In 2011, he wrote and directed his feature debut El Páramo, produced by Rhayuela Cine in co-production with Alta Films (Spain) and Sudestada (Argentina), with Wild Bunch (Pan’s Labyrinth, The Orphanage) taking over international sales. The distributor bought the rights to the film while it was in its first week of shooting and later distributed it in multiple countries, including the United Kingdom, Germany, Japan, Turkey, Thailand, and Taiwan.
 
El Páramo, being a genre film that operates within some of the parameters of classic horror, seeks not only to provoke an immediate reaction but to invite the viewer to reflection. Fear and the guerrilla are equivalents that morph into symbols of the fear and paranoia that currently reign. From this starting point, the story evolves on two fronts. The first, expressly narrative, is the gradual shift from a war movie to a horror film. The second, at a much more psychological level, is about how men are forced to face their own ghosts as the enemy predetermined by society is diluted in uncertainty,” says Osorio about his first film.
 
His second feature film, Siete cabezas (2017), had its world premiere at the 33. Warsaw Film Festival. He describes it as, “more daring in the narrative sense. I’m not trying to make scenes effective and emotional. I’m trying for each of the elements of the tale to slowly take hold of the spectator to create the feeling of desolation that must accompany the end of the world. El Páramo prepared me for anything.
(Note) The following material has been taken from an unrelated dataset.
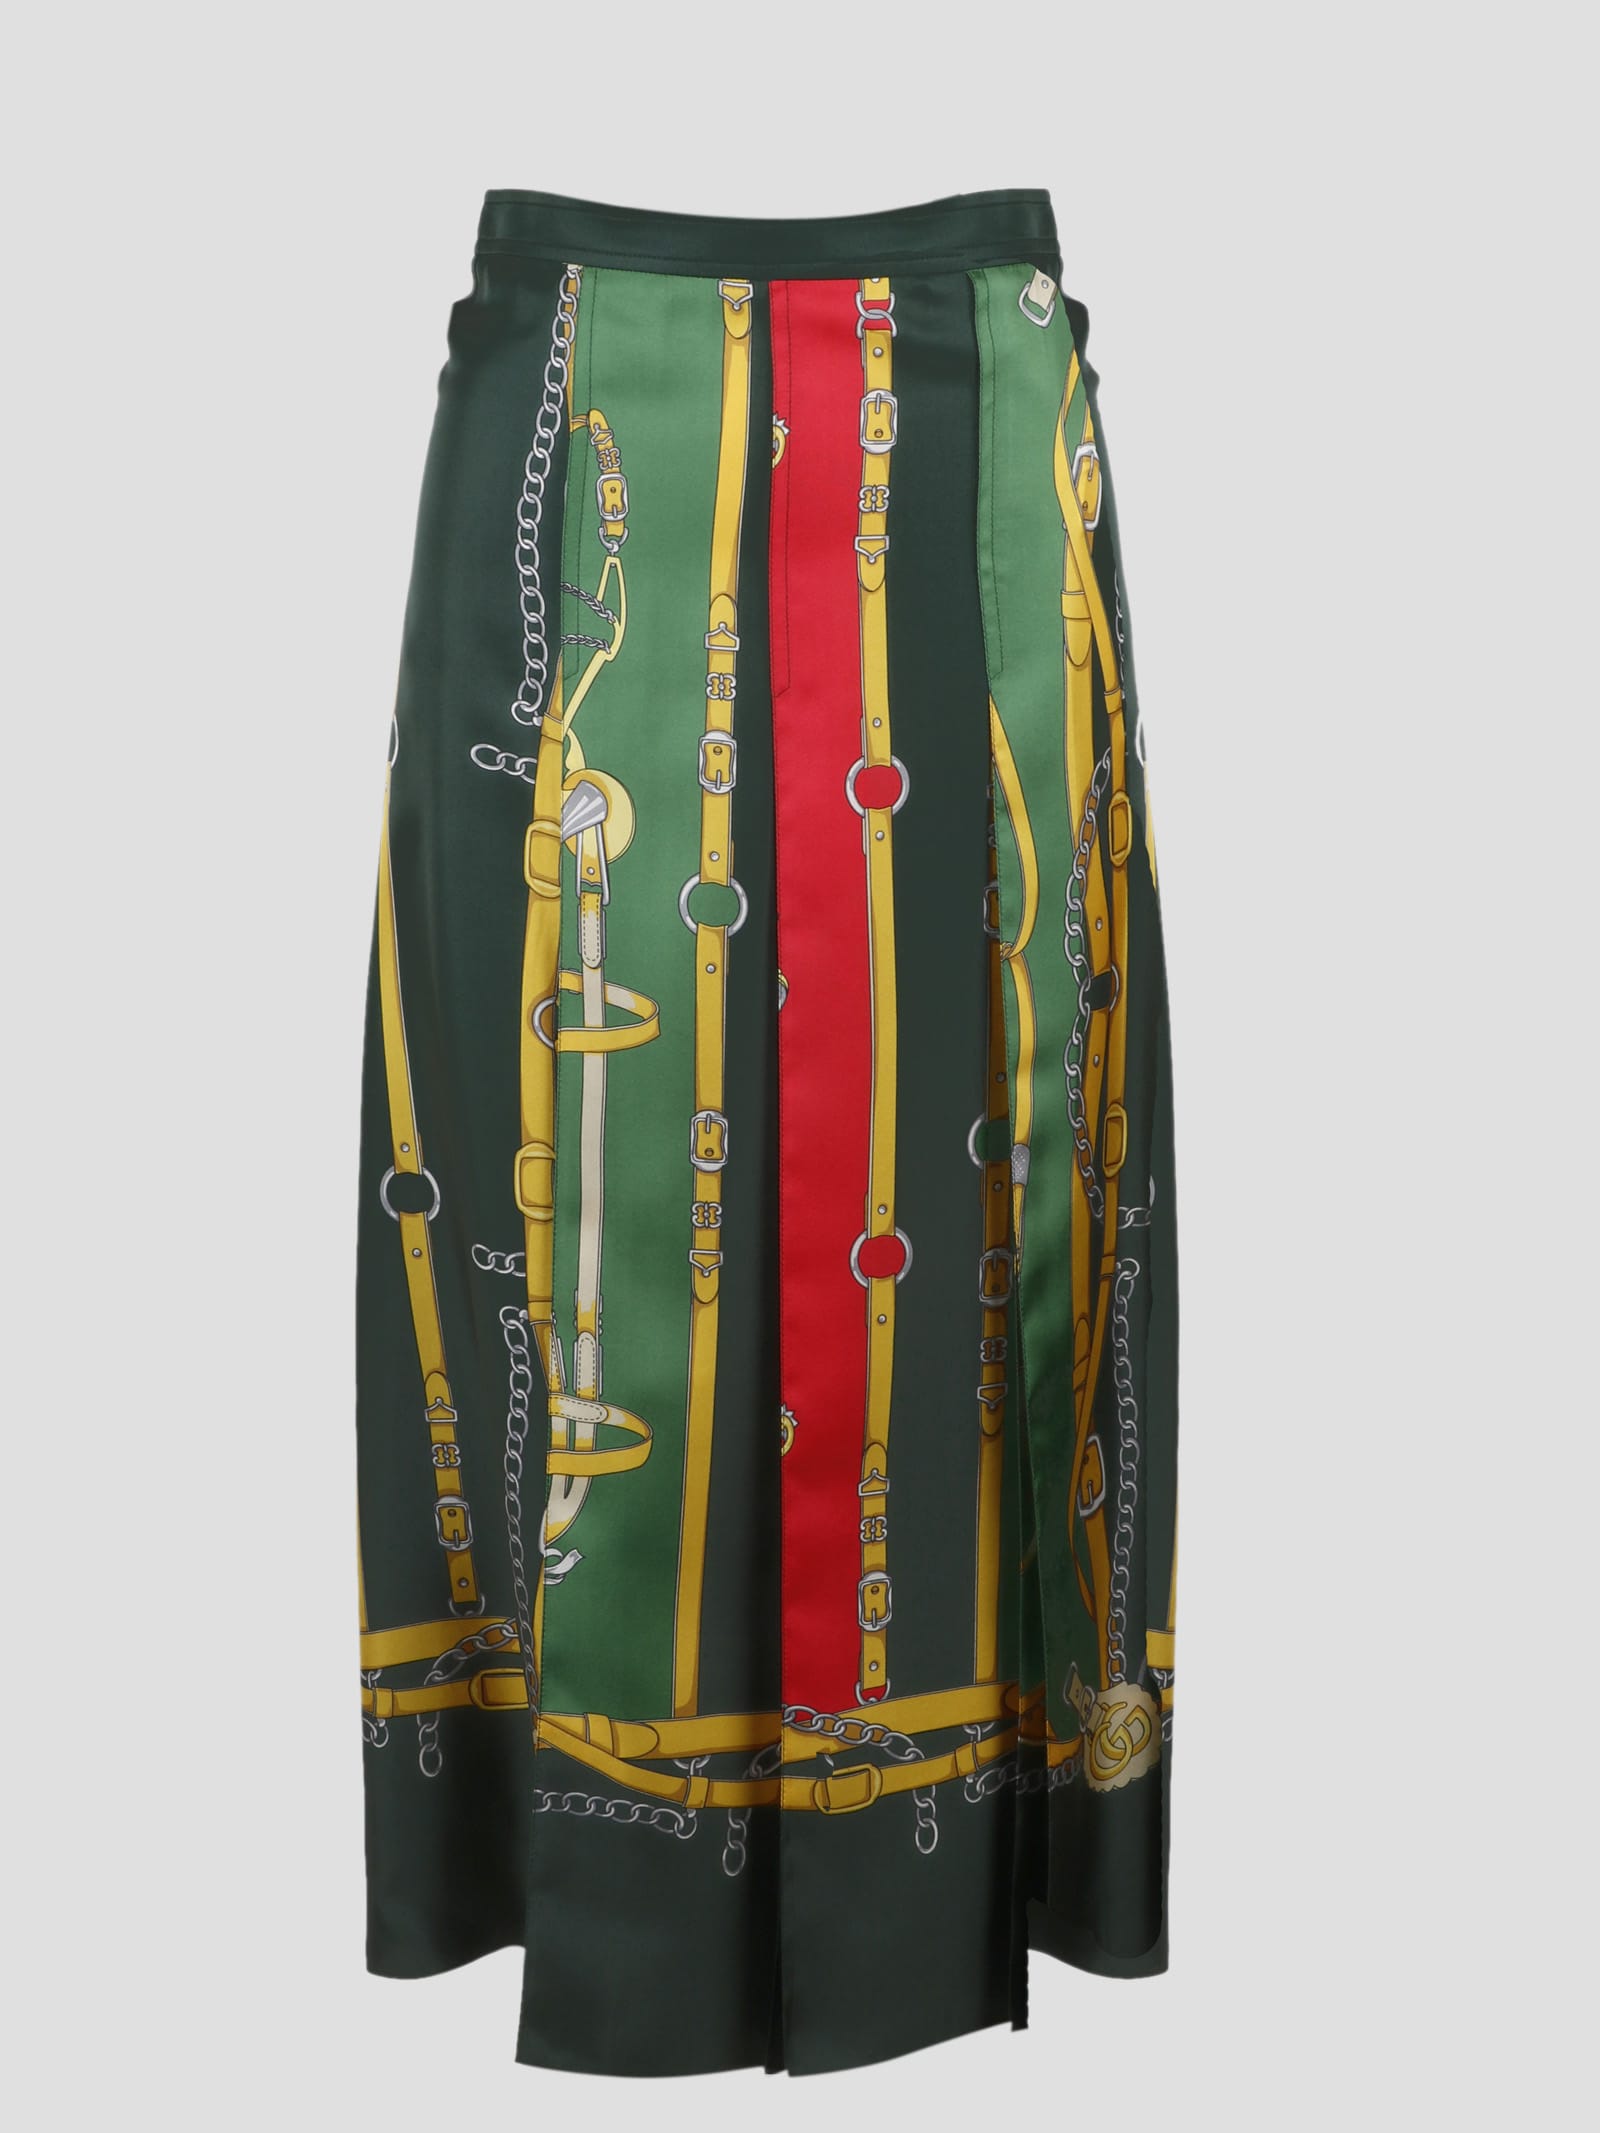 GUCCI HARNESS AND DOUBLE G SILK SKIRT

Not only were we shooting at 4000 meters but we did so without a storyboard or a technical script and we improvised alongside the actors who were never given a script. In Siete Cabezas, although we also shot in grueling conditions, the challenges were different. The biggest one was to shoot the film in the short time we had available.”
 
In 2011, he directed El Laberinto for Caracol Televisión in coproduction with Sony International. His filmography includes the work he did while studying in Paris, where he directed the short film J’attends and the nonfiction short A Deux Mains, based on texts by Godard. Also while in France he directed the theater play Woyzeck by Buchner and participated in the scenography for L´inspecteur Général, based on the play The Inspector General by Gogol.
 
Between 2013 and 2017 he wrote the feature film Mostro (aka ASILO) and the first season of a television series to be shot in 2018.